Он ими упивался, а когда возвращался после обычных развлечений, они, тщательно завернутые в тряпицу, покоились в его сундучке. Как ни стыдно признаться, но его любовь к этим башмакам была так велика, что совесть ни разу не попрекнула его за воровство. Однако он знал, что рано или поздно должно последовать искупление. И потому, найдя «Сон Сципиона», он вручил сделанный им список Чеккани, а не оставил себе. Такой подарок, считал он, более чем перевешивал восторг, который дарили ему его туфли. А после смерти кардинала список оказался в папской библиотеке и лежал там, ожидая, чтобы молодой французский ученый пришел туда как-то утром в 1925 году, сел и прочел его.

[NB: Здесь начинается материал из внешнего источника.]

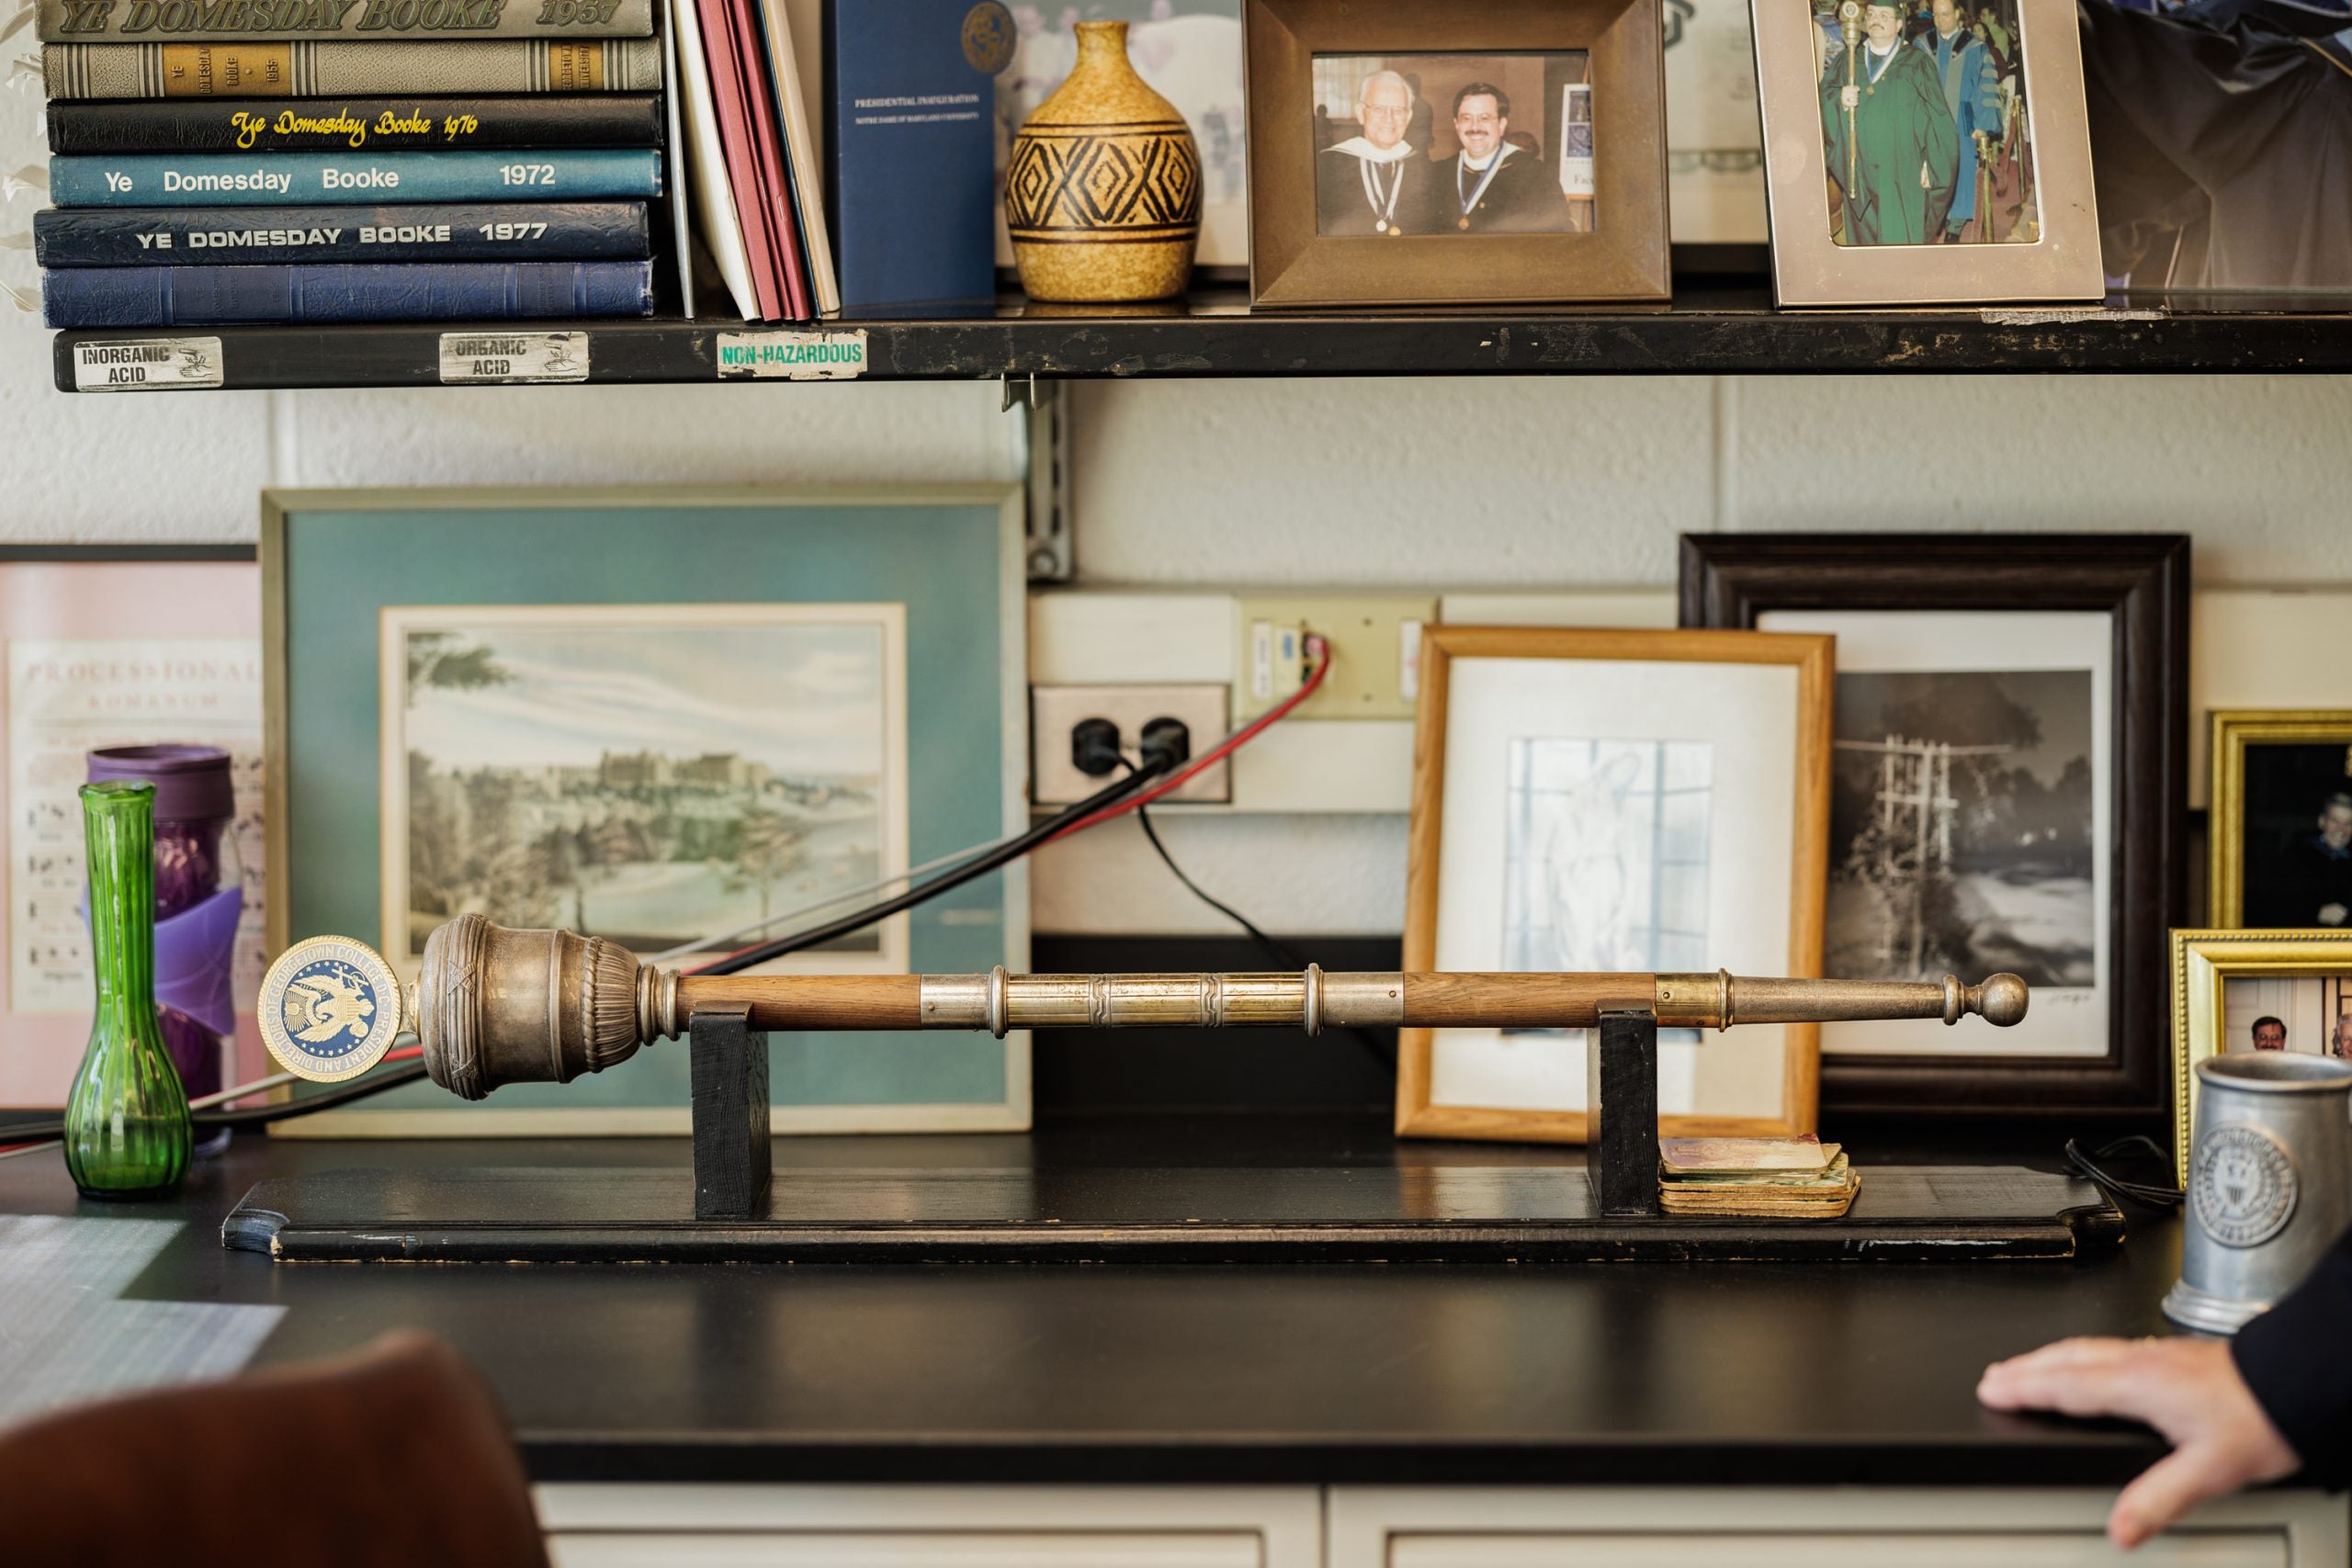 A mace, or heavy staff emblazoned with a seal at the top, sits in a holder in an office.

Манлий познакомился с Софией в Марселе после смерти ее отца, философа Анаксия, у которого учился. Он отправился в Марсель, чтобы посещать школы в городе, который еще держался, хотя учащавшиеся перебои с подачей воды, неспособность властей справляться с преступностью и налеты разбойников на пригороды вызывали у горожан все больший ропот. Школы принадлежали к лучшим в Галлии: чтобы получить более глубокое образование, искателю знаний пришлось бы отправиться очень далеко — в Антиохию или Александрию. Молодые люди предыдущего поколения еще ездили туда, но теперь это ушло в прошлое. Даже поездка в Марсель встретила в его семье удивление и непонимание.
Ему она принесла мало радости. Школы больше не получали от города даже скудной помощи — деньги приберегались для городского правительства или исчезали в алчной пасти церкви. Учителями были усталые старики, обескураженные все сокращающимся числом учеников и постоянными поношениями тех, кто объявил их язычниками. Однажды, когда Манлий и еще трое сидели и слушали, как старик разбирал поэзию Горация в зале, способном вместить сотню учеников, раздался глухой треск и рокочущий звук, эхом раскатившийся вокруг. Анаксий словно ничего не заметил и продолжал бубнить с монотонностью, которая никак не согласовывалась с его выводами о ритмах и риторике.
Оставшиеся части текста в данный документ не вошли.